I'd like to understand the parameter max_iter from the class sklearn.cluster.KMeans.

According to the documentation:

max_iter : int, default: 300
Maximum number of iterations of the k-means algorithm for a single run.

But in my opinion if I have 100 Objects the code must run 100 times, if I have 10.000 Objects the code must run 10.000 times to classify every object. And on the other hand it makes no sense to run several times over all objects.

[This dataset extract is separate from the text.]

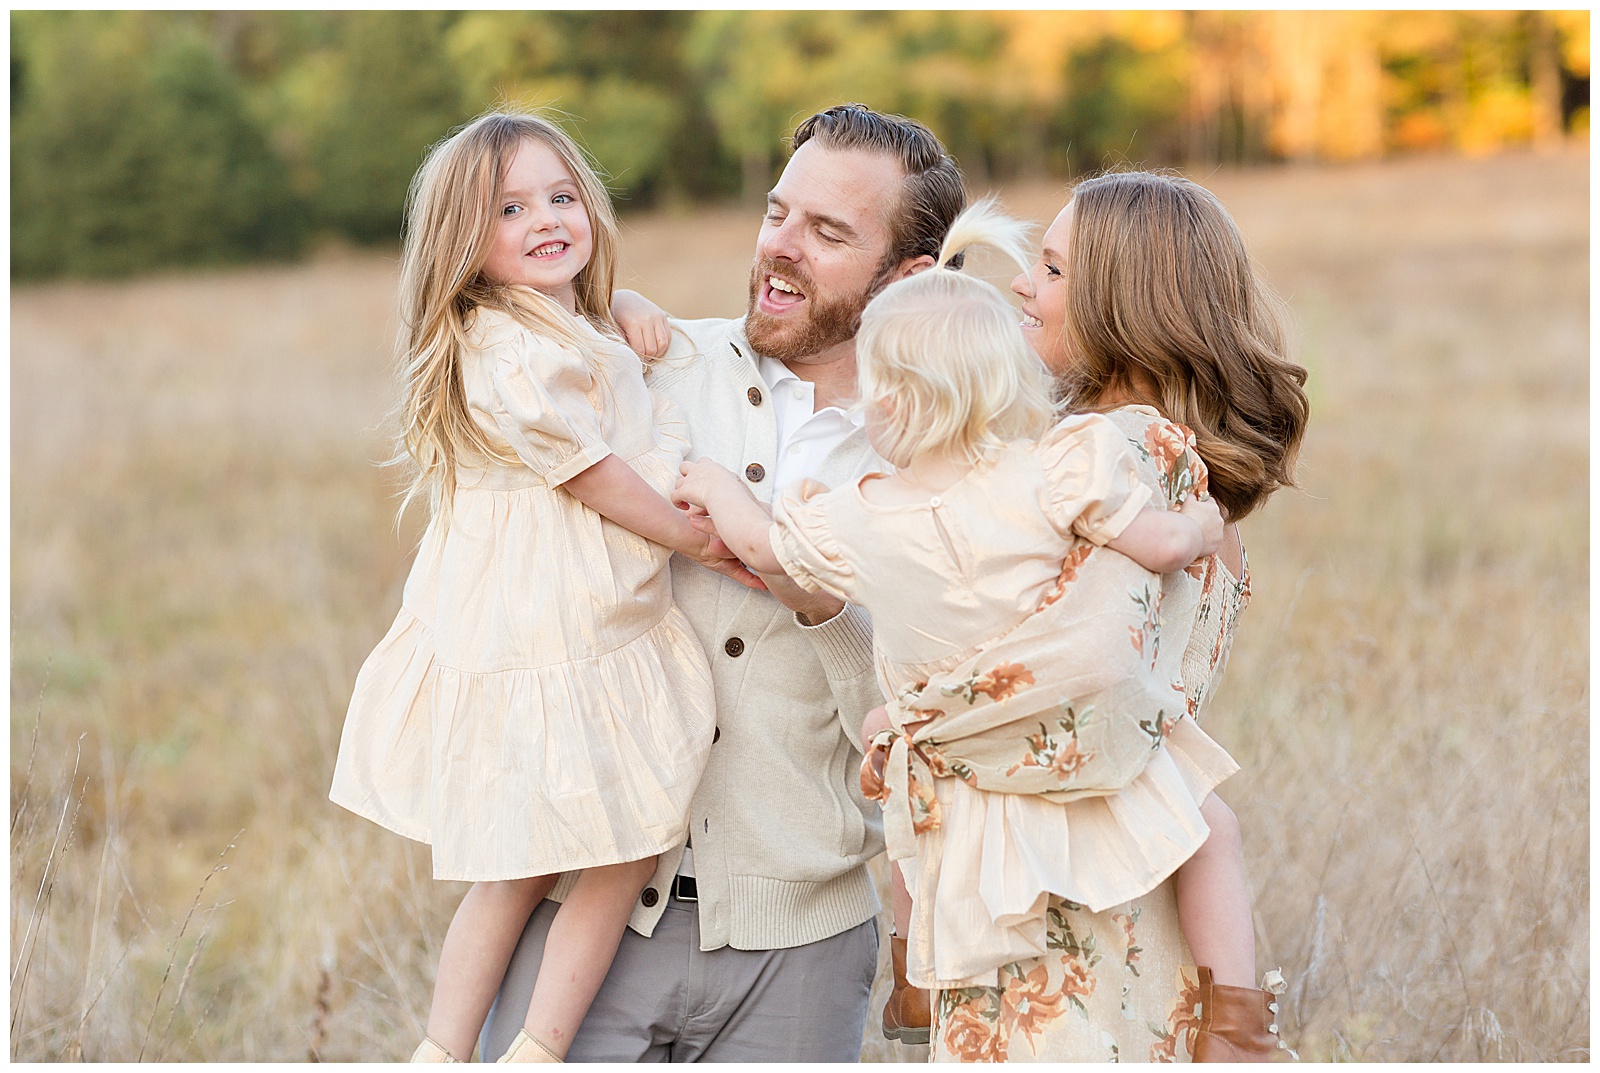 Mom and Dad hold their two young daughters as they laugh and tickle each other in a field in Nashville wearing coordinating yellow/cream colors.

What is my misconception and how do I have to interpret this parameter?

C-Jay
  • 621
  • 1
  • 11
  • 22

2 Answers2

5

Take a look here:

https://www.naftaliharris.com/blog/visualizing-k-means-clustering/

Each time you click update centroids, a new iteration is performed. It makes sense, because when centroids are moved, distances to those centroids also change and some points may change cluster.

DataMan
  • 3,115
  • 6
  • 21
  • 36
mbednarski
  • 758
  • 1
  • 9
  • 17
  • Thanks! It appears that it is a difference beetween k-means from sklearn and Mac Queen (page 283 of his publication: http://projecteuclid.org/download/pdf_1/euclid.bsmsp/1200512992) – C-Jay Dec 01 '16 at 11:03
  • Is it safe to say that the larger the value of max_iter, the better results you will get? – DataMan Jul 16 '17 at 02:16
3

Yes, you are misinterpreting the parameter.

One iteration is one pass over the entire data set. If you have 100 objects, one iteration assigns 100 points. if you have 10000 objects, one iteration processes 10000 objects.

There are more clever algorithms; but sklearn k-means processes every object in every iteration.

Has QUIT--Anony-Mousse
  • 76,138
  • 12
  • 138
  • 194